Минато протянул руку к печати, и Наруто прорвало. Он ухватил отца за руку и отшвырнул прочь. В месте падения взметнулся водопад воды, и Наруто, подскочив к отцу, ухватил того за горло и, подняв над собой, прижал к прутьям решётки.
— Шестнадцать лет, — прорычал он, — Шестнадцать лет ты наблюдал, смотрел на трудности, с которыми я сталкивался каждый день! Появился ли ты, когда никто в деревне не хотел со мной играть? Пришёл ли, когда мне нужна была хоть толика внимания? Был ли со мной, когда я трижды проваливал экзамены? Поддержал ли меня, когда погиб человек, кто был мне дедушкой во всём, кроме крови? Я всегда был здесь! А где был ты?
Наруто сжал пальцы и поднял отца ещё выше, краем глаза увидав, как Курама положил голову на лапы и с удовольствием прислушивается к диалогу.
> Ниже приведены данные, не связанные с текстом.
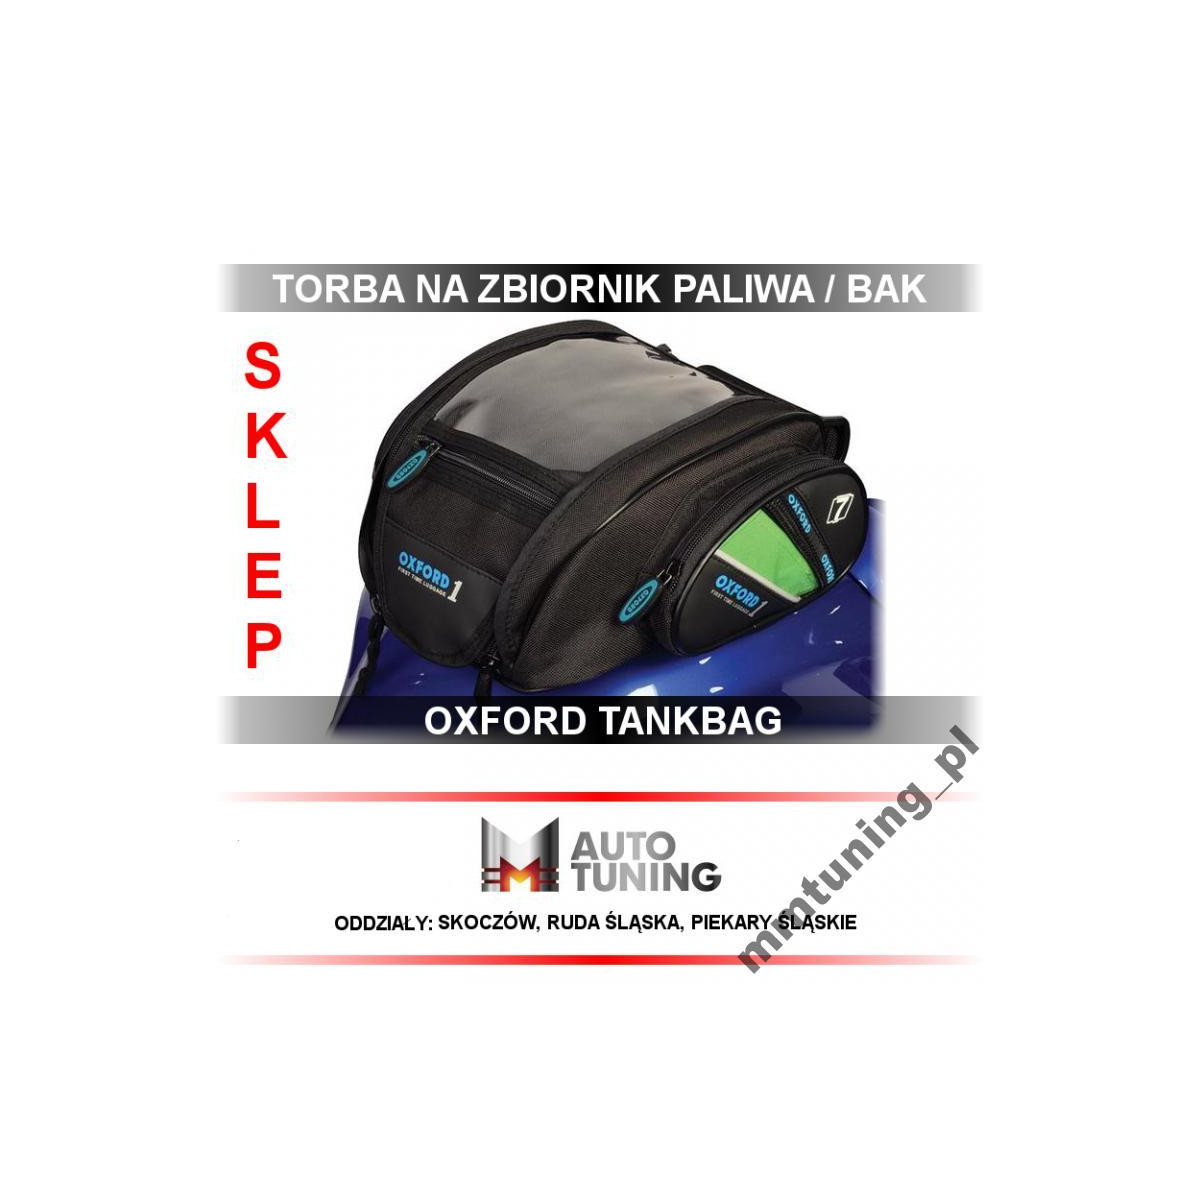 TORBA NA ZBIORNIK / BAK OXFORD TANKBAG 7L OL430

— Нет, ты решил появиться тогда, когда помочь уже невозможно! Если я выпустил восемь хвостов, значит ситуация дошла до грани, и твои отеческие объятия уж точно не нужны!
— А он прав!
— Курама, не до тебя! — огрызнулся Наруто. — Деревня разрушена! Мама снова мертва! Все, кто был мне дорог, кого я любил, ради кого отдал бы свою жизнь, не раздумывая… Они погибли, погибли, потому что меня не было рядом, потому что я был слаб! И теперь приходишь ты, приходишь, когда уже не нужен, и лишь для того, чтобы сжечь последнюю чакру и сделать то, что теперь не имеет ни малейшего значения!
— Если… я не восстановлю… — прохрипел Минато, — то Кьюби… вырвется!
— И что же случится? Он разрушит развалины? Убьёт и так мёртвых? Уничтожит превращённое пыль? Плевать!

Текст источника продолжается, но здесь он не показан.